Talk us through your creative process.
I mainly started with a rough idea of what the story may be, based on my own experiences with the company. From there it was mainly just interviewing who I felt were the main people for the film.
I had gotten good advice to make sure to keep myself open to any new stories and not get so focused on what my initial story was going to be. This proved hugely beneficial as I was able to adjust my questions with each subsequent interview and often going back to re-interview people.
From there it was a lot of editing based on the interview transcripts. I had edited multiple mini films based on each game of that era. This allowed me to see which game would hit certain themes and/or topics. That helped inform me in regards to which games/subject would be kept for the film’s flow. After that, it’s chop chop and chop until someone rips the film out of my hands!

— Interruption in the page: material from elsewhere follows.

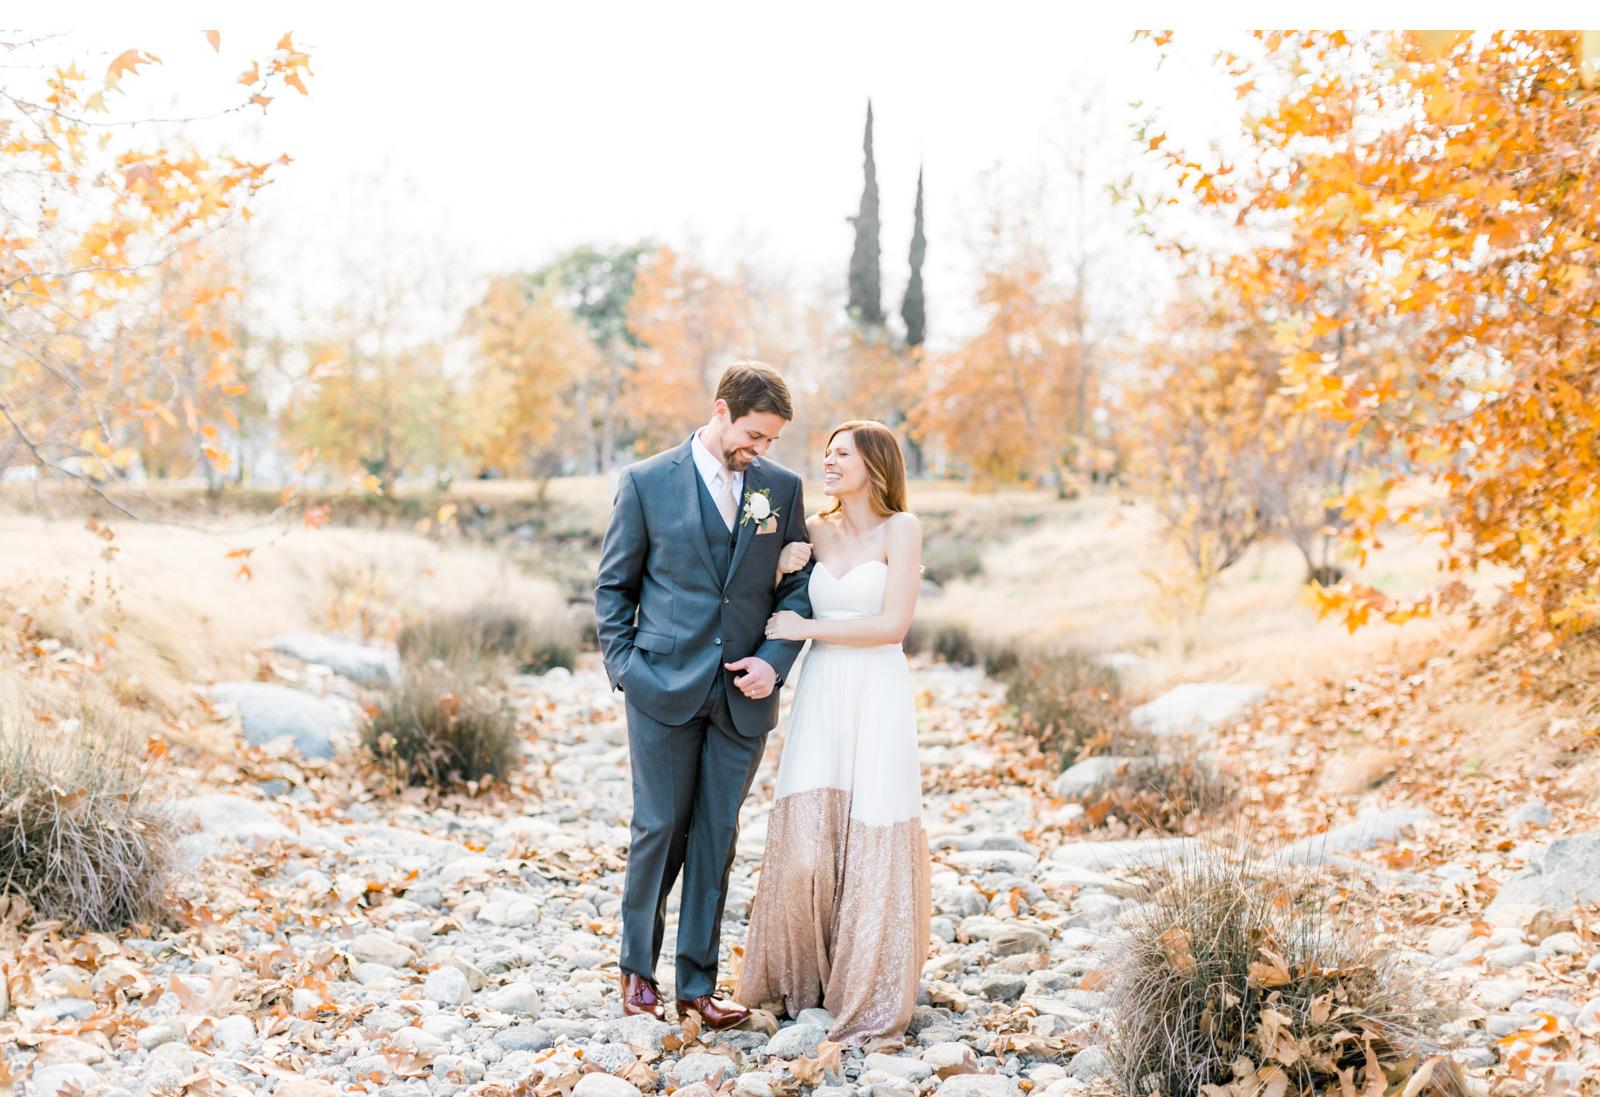 San-Diego-Wedding-Photographer-Natalie-Schutt-Photography_04.jpg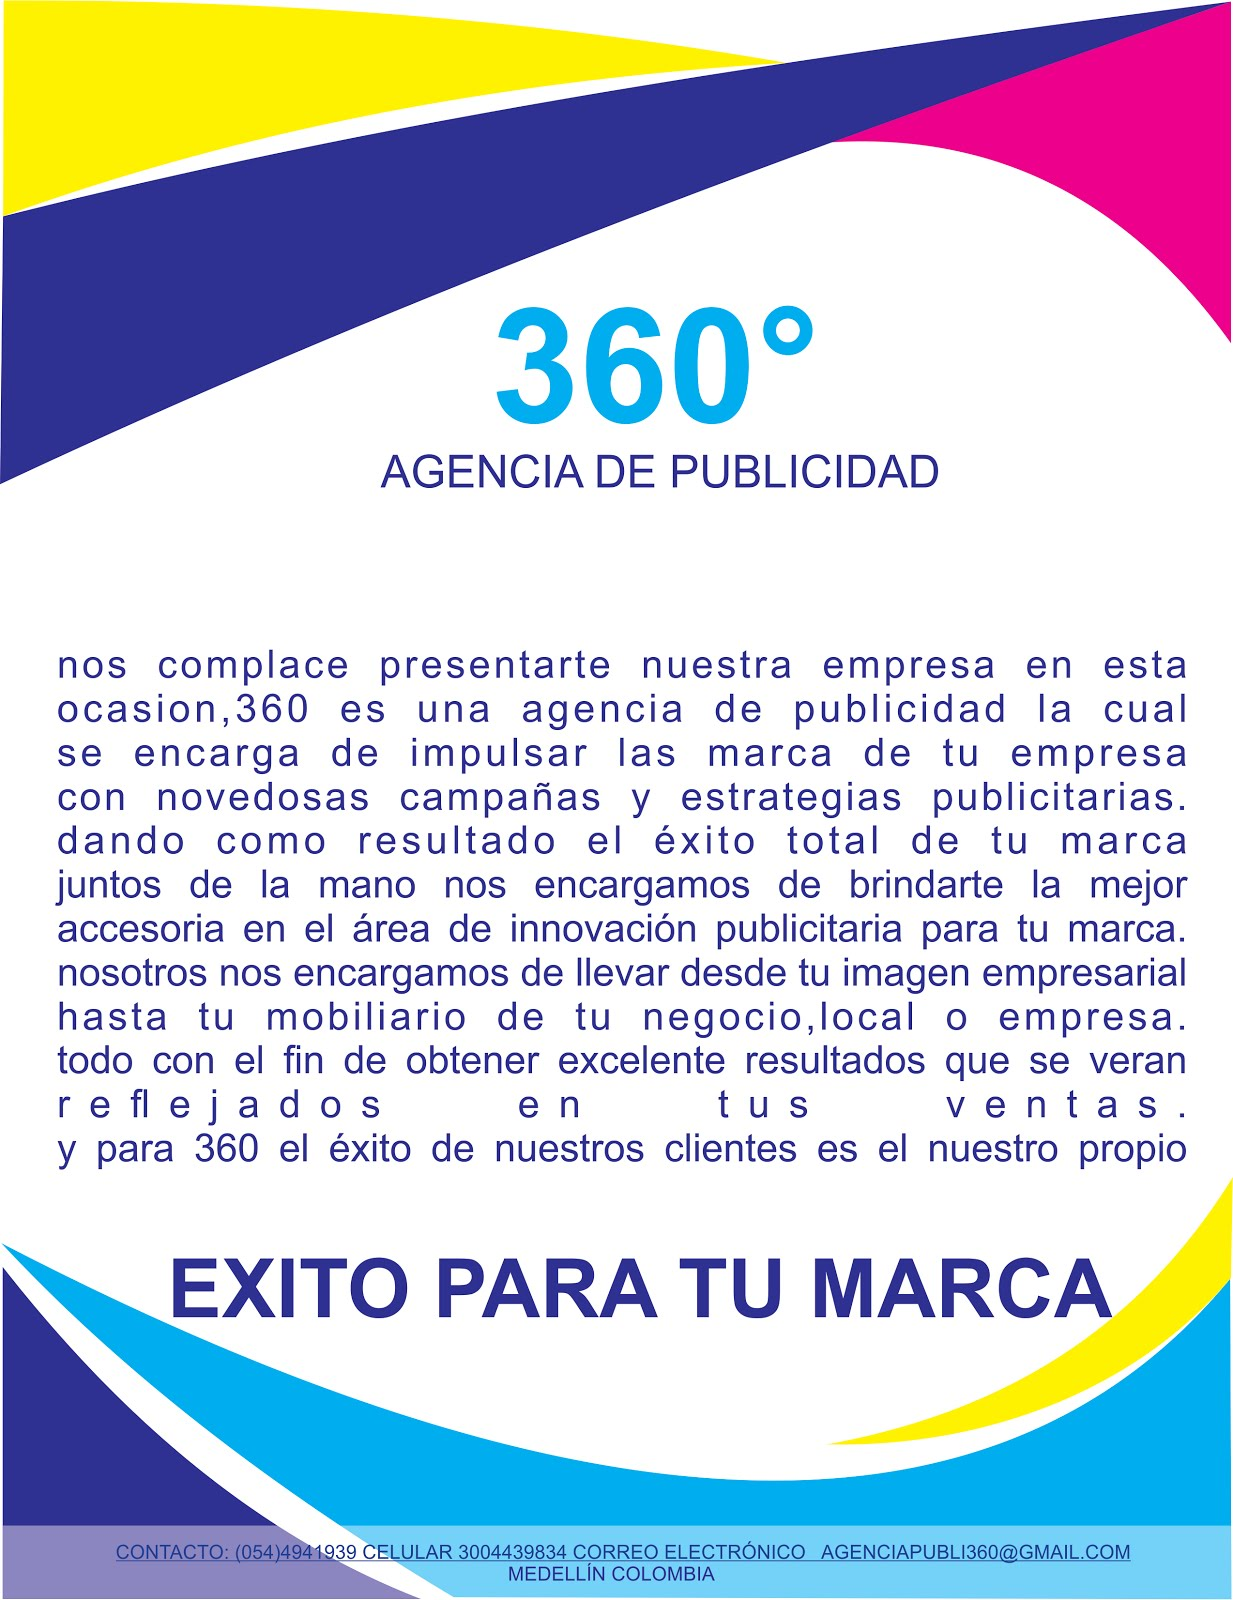 360 agencia de publicidad for Agencia de publicidad

What would be your dream documentary subject?
Even though one had just come out, I’d still like to do something on Bruce Lee. Like many Chinese my age, he was beyond just a hero. I was obsessed by him and his films when I was a kid and it really helped me through some tough times.
Do you think Insert Coin helped the conversation around arcade games?
I’d like to think so. The film is less about geeking out over the games and more about the decision making and business behind something people loved from their childhoods.
What are some common misconceptions people have about developing arcade games?
I think people didn’t realize how design decisions were made based on economics, not just fun. These games were designed a certain way for a reason, to make you drop quarters every 30 seconds. Obviously it has to be fun or you’ll never get the quarters at all.
But there was a lot of design focus on making certain events happen to push and pull the player to keep going and spending money. For a long time that design style went away with console gaming taking dominance. But now you see it coming back with the mobile games era.
Why do you think documentaries are important?
I’m a first time documentarian so obviously take this with a grain of salt. I feel they’re important because it’s showing people truths in a creative way that embeds into their minds in ways that news or fictional films can’t, even with the same themes and subjects.
Do you believe documentary filmmakers have a responsibility to make films that change the conversation on their subject material?
I believe so, otherwise why bother? If you’re producing something that doesn’t surprise people in some fashion then what is the point? My film is about a very light subject compared to all that’s going on in the world but I wanted to make a point of bringing up information that would surprise those who loved these games in a creative way. Make them want to revisit their childhood after seeing it.
Where do you see yourself in five years?
Ideally I would have made 1 or 2 more docs and it’s my full time obsession. My hope is that I can work in subjects I hold dear as this film was a passion project and I was very privileged to be able to pull it off.
Do you have any indie filmmakers we should be keeping on our radar?
I’m sure they’re both on your radars, I was so blown away by both Minding the Gap by Bing Liu and Roll Red Roll by Nancy Schwartzman. Both great films and so creative with their storytelling
What’s next on the docket for you?
I’m currently working on a “secret” project involving an immersive theater. Very excited by this as I’m producing both the film and the theater itself. Outside of that, juggling 3 very different subjects for a possible next film.
If one director could direct the story of your life, who would you choose and why?
I really am impressed by directors who can do both narrative and documentary work so well. So I’d say Wim Wenders. I had seen Wings of Desire and Tokyo Game almost at the same time and was just blown away by both.